The answer must be an exact copy of the lines from the one with "CANDIE'S Vintage 1990's" through the final line below, with no pictures and nothing else.

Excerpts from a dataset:
+ + + +

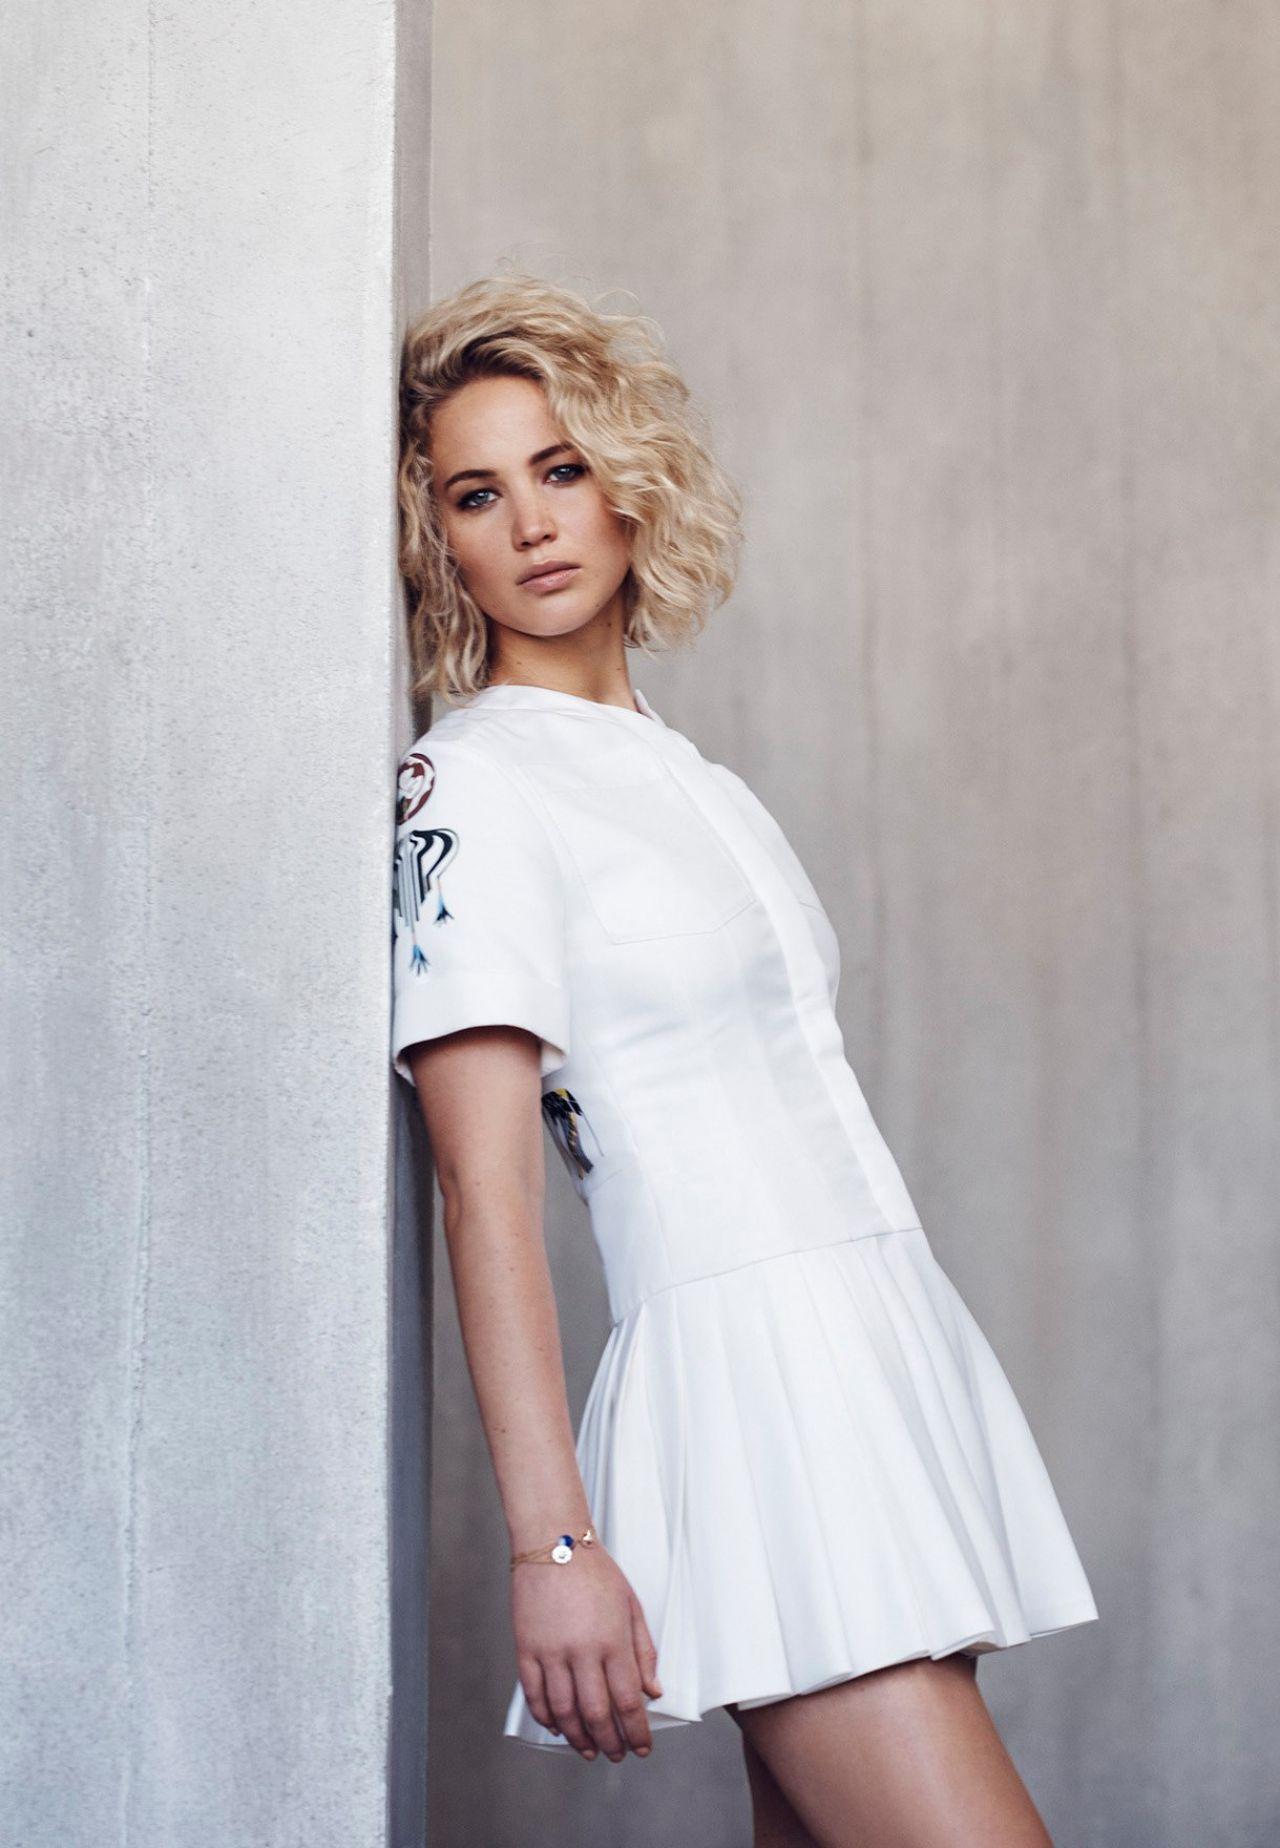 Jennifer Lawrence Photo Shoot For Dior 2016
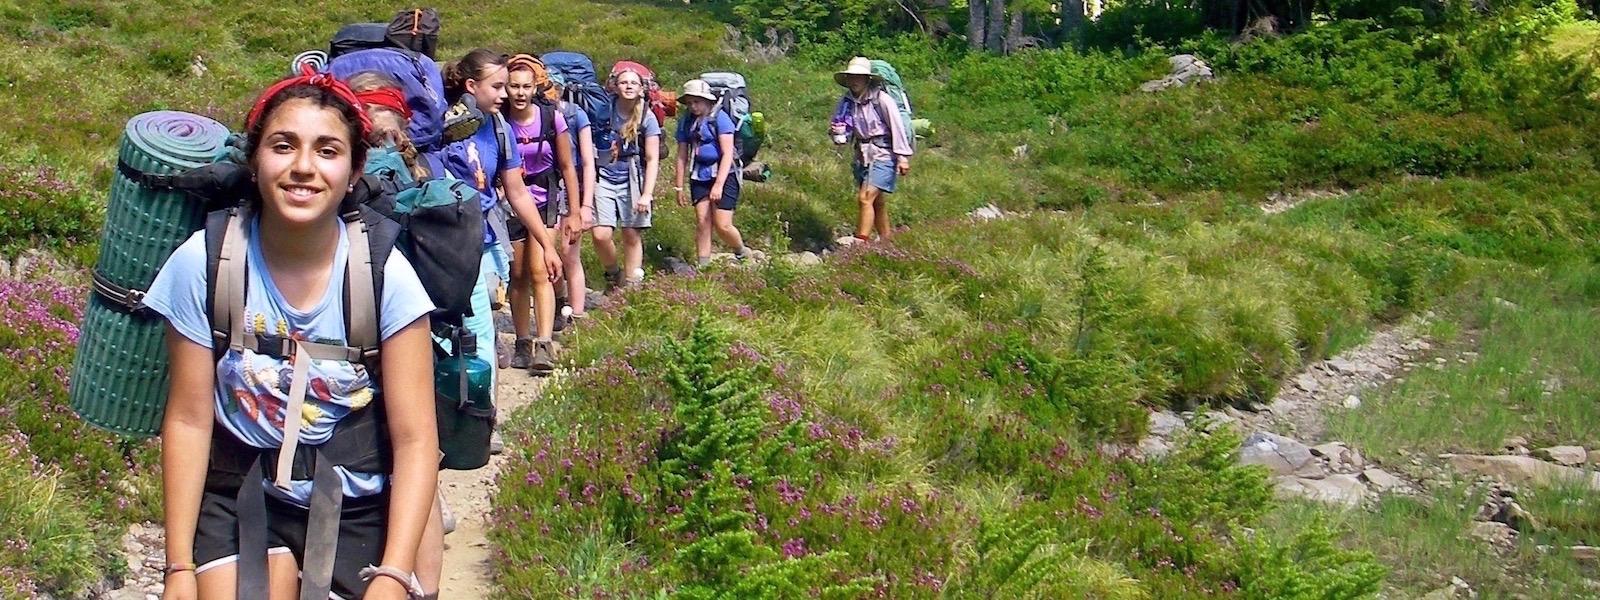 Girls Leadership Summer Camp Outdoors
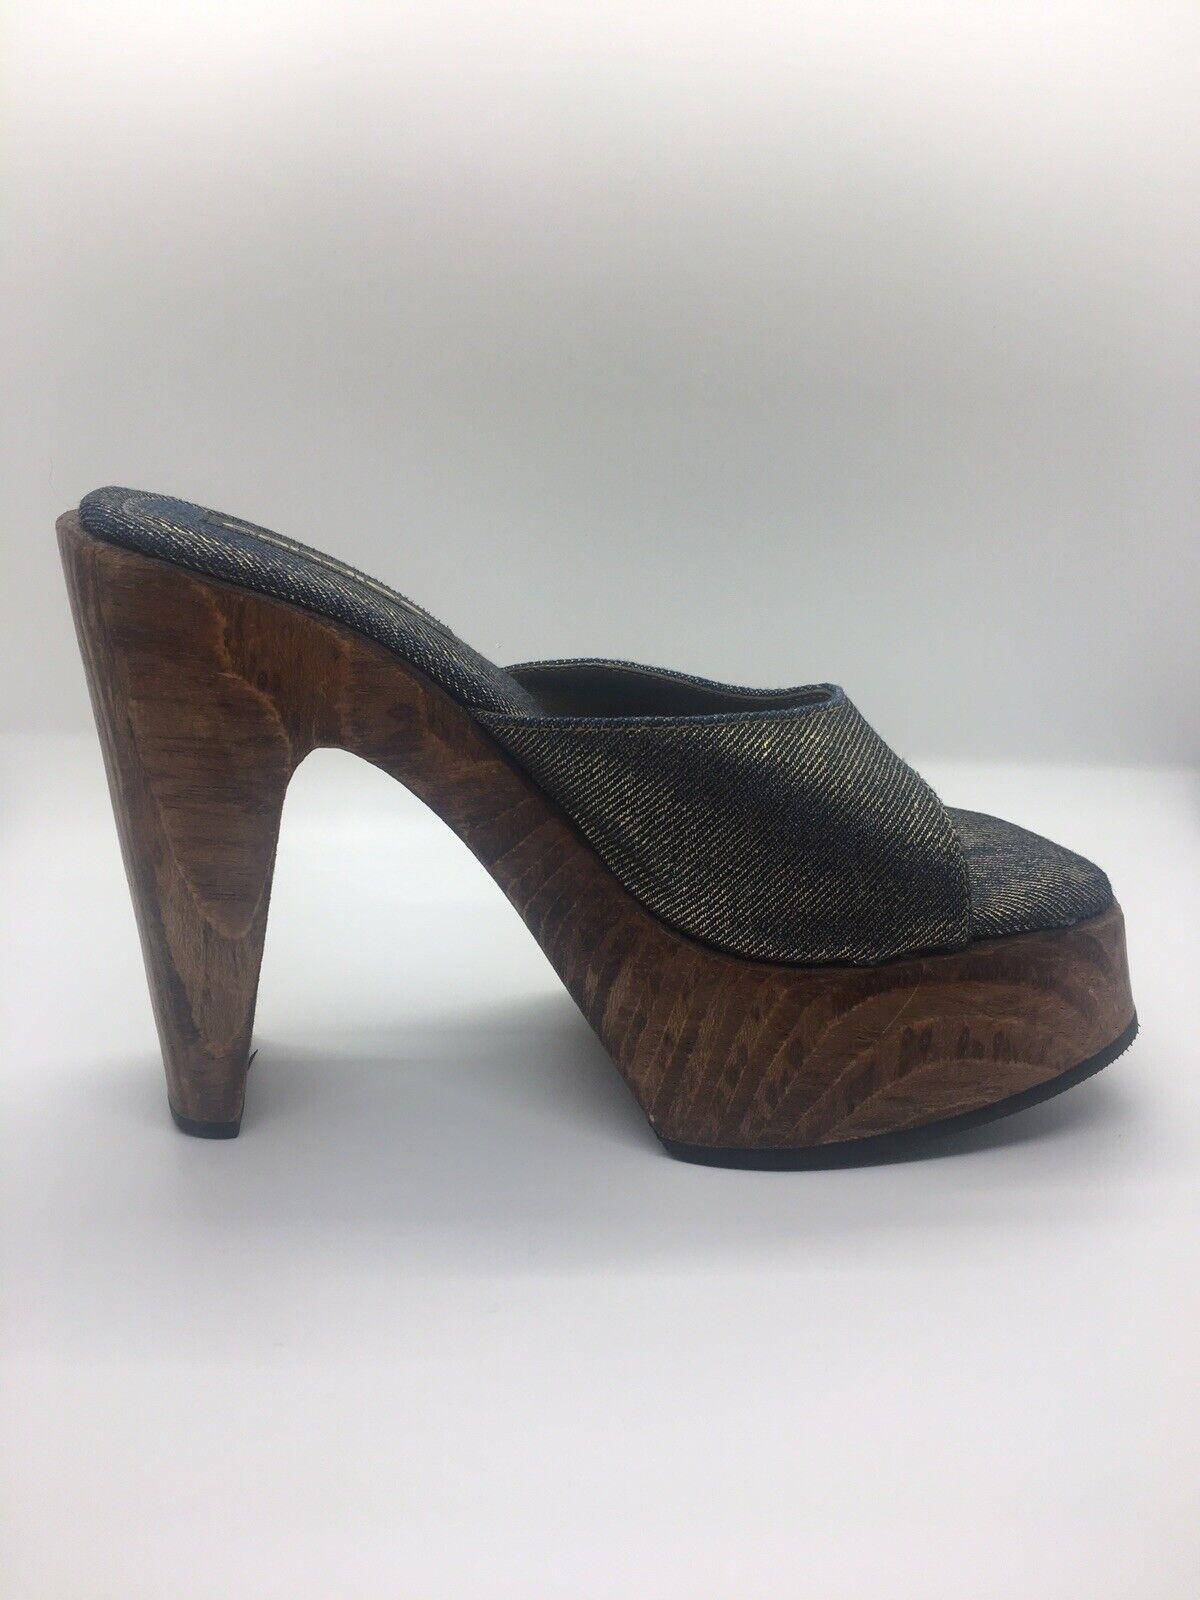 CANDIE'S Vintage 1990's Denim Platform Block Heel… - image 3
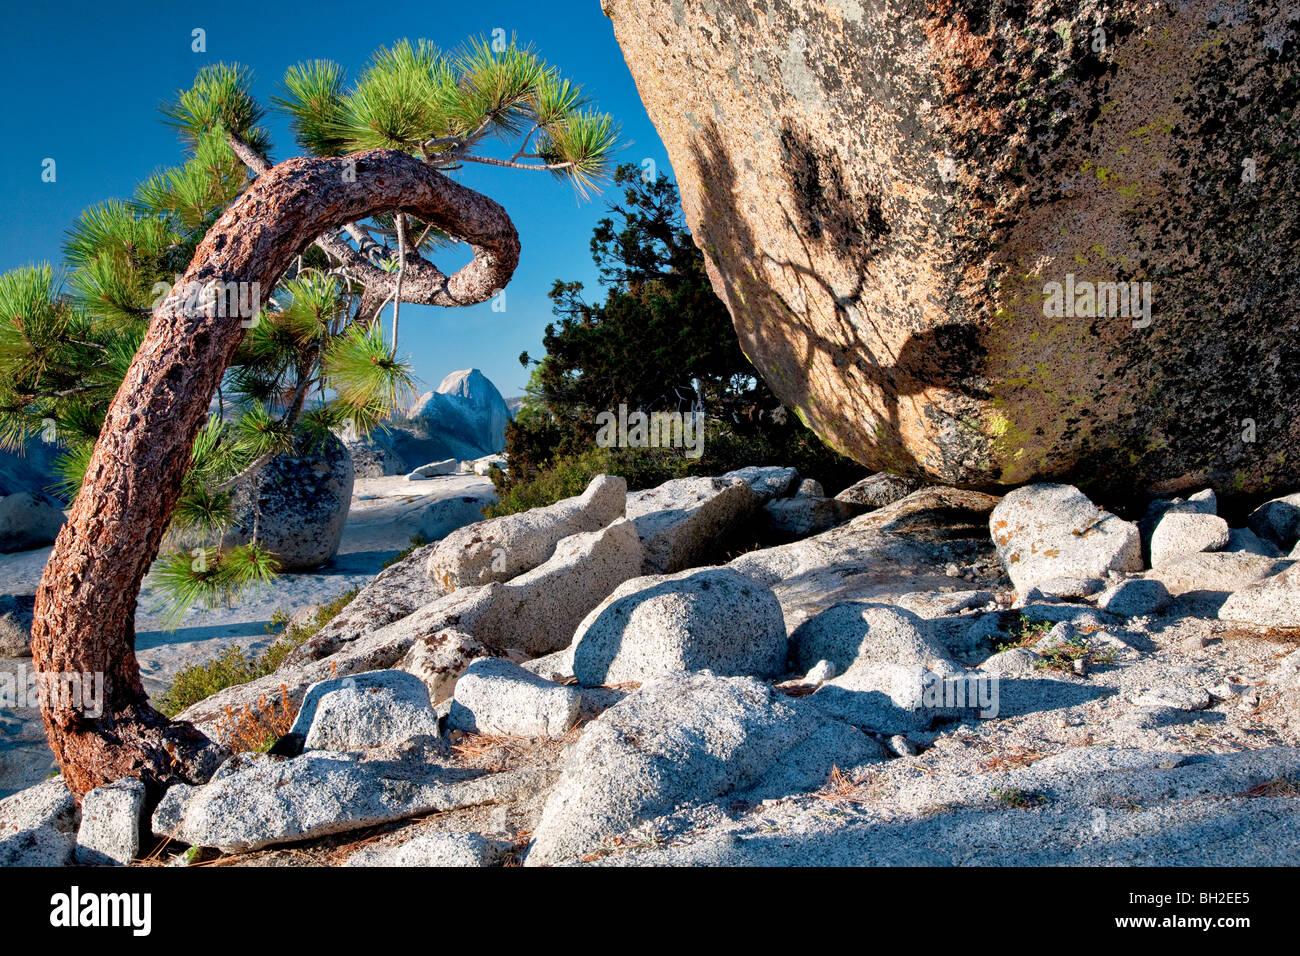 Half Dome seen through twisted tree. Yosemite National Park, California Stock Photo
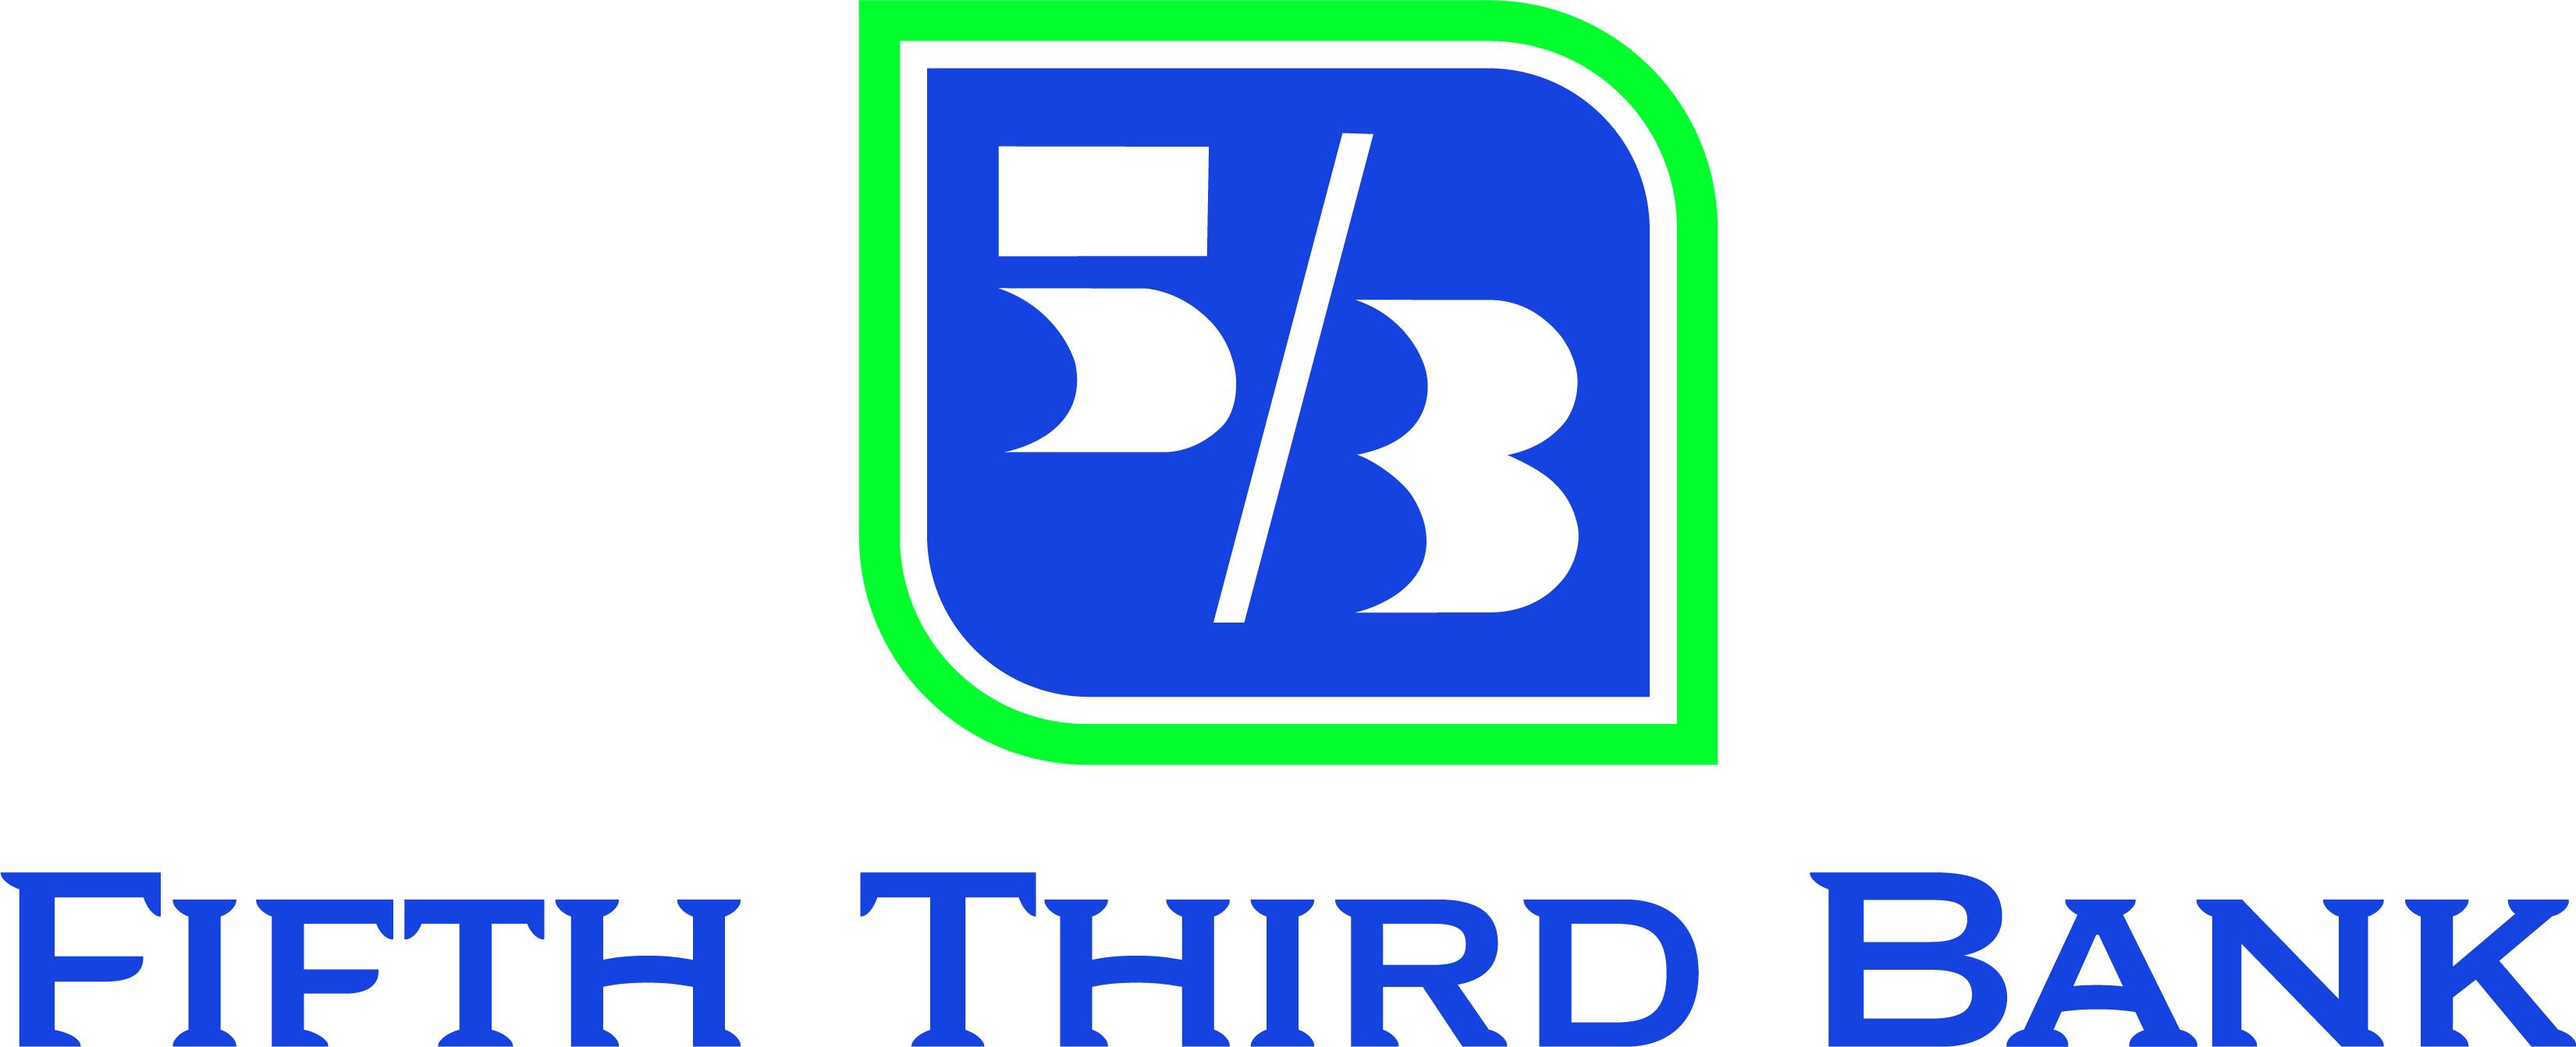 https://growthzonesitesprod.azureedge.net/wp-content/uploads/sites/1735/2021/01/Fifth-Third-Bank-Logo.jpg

+ + + +

RESULT OF THIS TASK
 CANDIE'S Vintage 1990's Denim Platform Block Heel… - image 3
 Half Dome seen through twisted tree. Yosemite National Park, California Stock Photo
 https://growthzonesitesprod.azureedge.net/wp-content/uploads/sites/1735/2021/01/Fifth-Third-Bank-Logo.jpg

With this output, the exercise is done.